Ist die Entwicklung der iOS- und Android-App in verschiedene Personengruppen getrennt und es gilt nur eine Kleinigkeit wie die Backend-URL zu ändern, so benötigen Android-Entwickler keine Kenntnisse über den iOS-Code. Die Änderung des Kotlin-Codes genügt. Im Anschluss muss man die App nur noch kompilieren. Ein weiterer elementarer Vorteil ist die einfache Wiederverwendbarkeit des Businesscodes. Soll zu einem späteren Zeitpunkt neben einer iOS- oder Android-App auch noch eine Web-App entstehen, lässt sich aus dem Kotlin-Code nativer JavaScript-Code erzeugen. In solch einem Fall ist die build.gradle-Datei nur um die Konfiguration des KotlinJS-Blocks zu erweitern. Mithilfe von KotlinJS lässt sich neben JavaScript- auch TypeScript-Code erzeugen. Letzteres befindet sich jedoch noch in der Beta-Phase. Den erzeugten Code bindet man über ein lokales npm-Paket ein. Das hat den Vorteil, dass sich die Web-App mit jeglichem Webframework entwickeln lässt.

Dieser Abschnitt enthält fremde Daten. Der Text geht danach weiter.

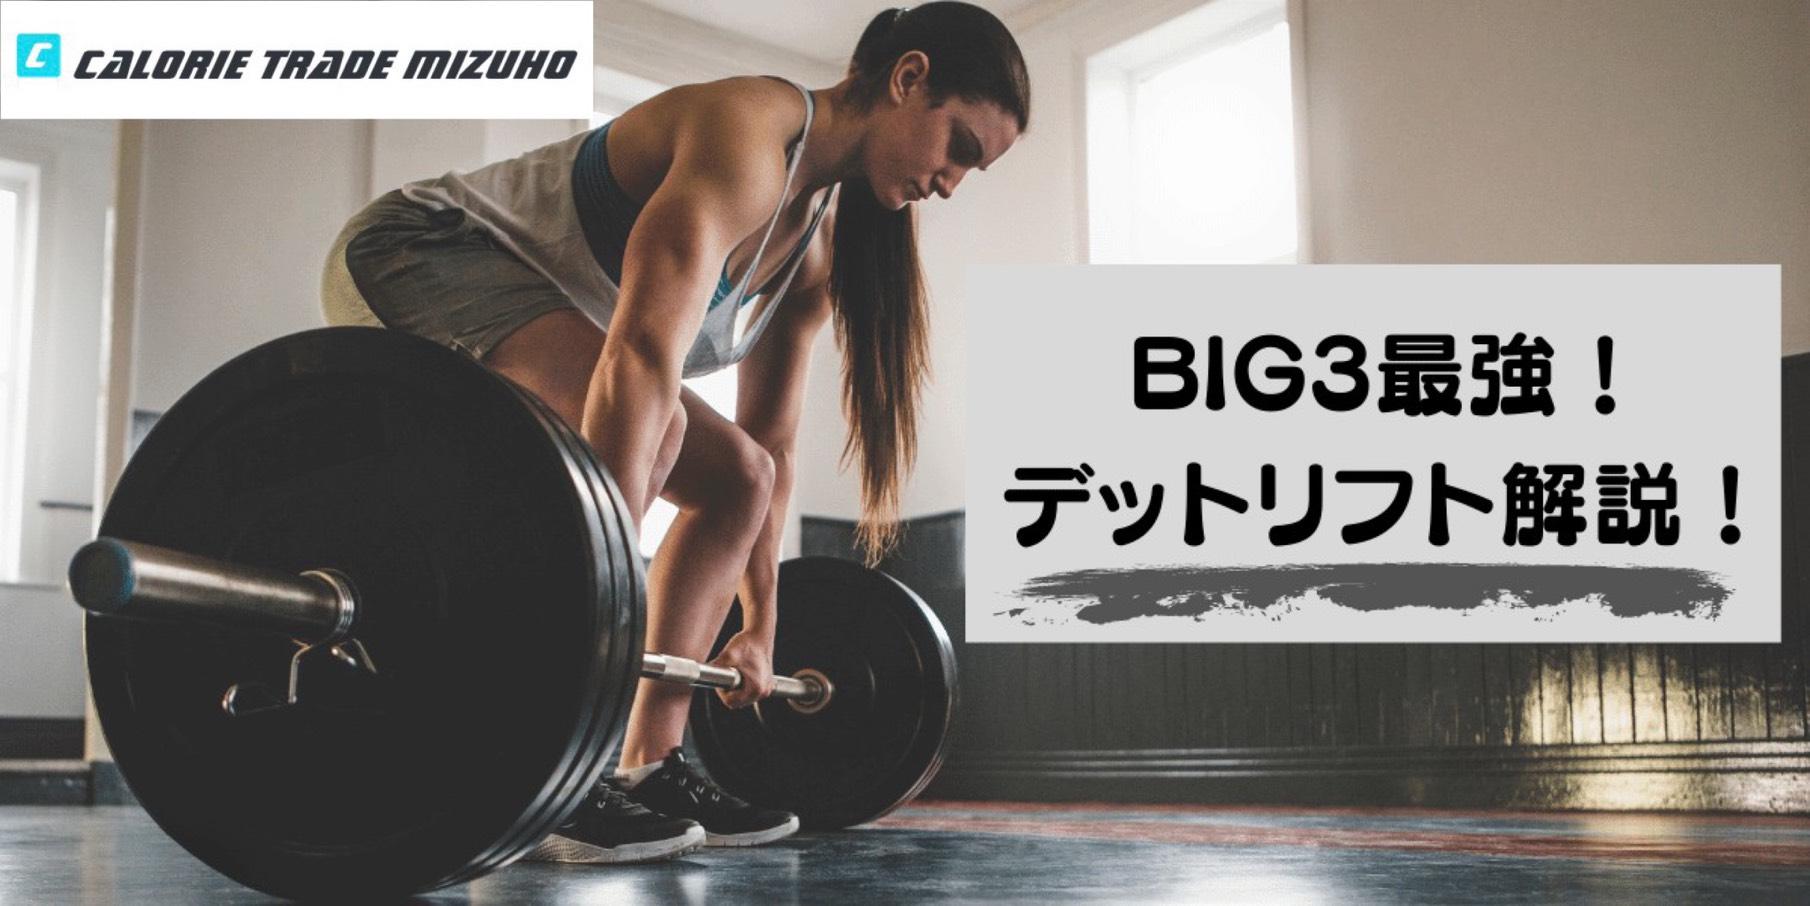 【下半身トレーニング必見】BIG3最強!デットリフト解説!

Ein neuer Weg für das Erstellen von Web-Apps ist der Einsatz von Jetpack Compose im Browser. Hierdurch ergibt sich eine noch größere Wiederverwendbarkeit, da Jetpack Compose auch bei der Android-Entwicklung zum Einsatz kommen kann. Die Umwandlung von Kotlin- in nativen JavaScript-Code läuft jedoch nicht immer problemlos ab. Besonders die Umwandlung von Kotlin-Coroutines in das JavaScript-Äquivalent bedarf einiger Tricks im nativen Teil des shared-Codes. Auch ist die erzeugte JavaScript-Bundle-Größe noch nicht optimal. JetBrains arbeitet derzeit aktiv an all diesen Punkten. Interessierte können sich auf der öffentlich verfügbaren Roadmap über den Entwicklungsstand informieren. Durch den Open-Source-Ansatz von Kotlin besteht zudem die Möglichkeit, direkt über das JetBrains-Projektmangement-Tool YouTrack Probleme zu melden und Hilfe zu erhalten.